That's a typical connectedness argument. As pointed out by muzzlator, fix a point $x$ in $\Omega$ your open connected subset. Then consider $\Omega_x$ the set of points in $\Omega$ which are path connected to $x$ within $\Omega$. This is nonempty as $x$ belongs to it. This is open in $\Omega$ by local path connectedness. And by local path connectedness again, it is easily seen that the complement $\Omega\setminus\Omega_x$ is open in $\Omega$. So $\Omega_x$ is a nonempty open/closed subset of $\Omega$. Thus $\Omega_x=\Omega$. Note that the fact that $\Omega$ is open is implicitly used in both steps.

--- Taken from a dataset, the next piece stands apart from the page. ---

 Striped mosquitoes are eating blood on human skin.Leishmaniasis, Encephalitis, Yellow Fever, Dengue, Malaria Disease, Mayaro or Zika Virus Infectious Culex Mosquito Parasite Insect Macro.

If you have Munkres (2nd ed.): Thm 25.4 states:
A space $X$ is locally path-connected iff for every open set $U$ of $X$, each path-component of $U$ is open in $X$.
So if indeed $U$ is open and connected it has (as all spaces) a decomposition into path-components, which are open in $X$ and thus open in $U$ too, and by being a partition, they are also closed (the complement is also a union of open sets) in $U$. So by connectedness there can be only one path-component.
25.5 even says (part 2 of it)
If $X$ is a topological space, and $X$ is locally path-connected, its components and path-components coincide.
Apply this to $X=U$ (which is locally path-connected as an open subspace of a locally path-connected space) and you're done right away.
Note, this is assuming you use the same definition of local path-connectedness as Munkres does (which is non-standard): every neighbourhood $U$ of $x$ contains a path-connected neighbourhood $V$ of $x$.
The definition in e.g. Engelking is:
for every open set $U$ and every $x \in U$ there is an open neighbourhood $V$ of $x$ such that for any $y \in V$ there is a path $p: [0,1] \to U$ connecting $x$ to $y$.
Note that $V$ is not supposed to be itself path-connected, as Munkres does. So the latter has a stronger notion, so maybe this fact only holds for the stronger notion; at least the proof does.
Best Answer
Compactness of certain sets is not needed.
For the first part of your question you will find an answer in Definition of locally pathwise connected. But for the sake of completeness let us prove once more that the following are equivalent:
(1) $X$ is locally connected (locally path connected), i.e. has a base consisting of open connected (open path connected) sets.
(2) Components (path components) of open sets are open.
(1) $\Rightarrow$ (2): Let $\mathcal{B}$ be a base for $X$ consisting of open connected (open path connected) sets. Let $U \subset X$ be open and $C$ be a component (path component) of $X$. Consider $x \in C$. By assumption there exists $V \in \mathcal{B}$ such that $x \in V \subset U$. Since $V \cap C \ne \emptyset$, we see that $V \cup C$ is a connected (path connected) subset of $U$ which contains $C$. By definiton of $C$ we see that $V \cup C = C$, i.e. $V \subset C$. Hence $C = \bigcup_{V \in \mathcal{B}, V \subset C} V$. In particular, $C$ is open in $X$.
(2) $\Rightarrow$ (1): Let $U \subset X$ be open. For any $x \in U$ the component (path component) of $U$ containing $x$ is open, hence $U$ is the union of open connected (open path connected) sets.
Now, if $X$ is locally path connected, then it is also locally connected. Hence components and path components of open sets are open. Moreover, components and path components of open sets agree (this applies in particular to $X$ itself). To see this, consider an open $U \subset X$. Each path component $C$ of $U$ is contained in a component $C'$ of $U$. Assume $C \subsetneqq C'$. Let $C_\alpha$ be the path components of $C'$. They are again open, and we must have more than one. Then $C'$ can be decomposed as the disjoint union of two non-empty open sets (e.g. $C_{\alpha_0}$ and $\bigcup_{\alpha \ne \alpha_0} C_\alpha$). This means that $C'$ is not connected, a contradiction. We conclude $C = C'$.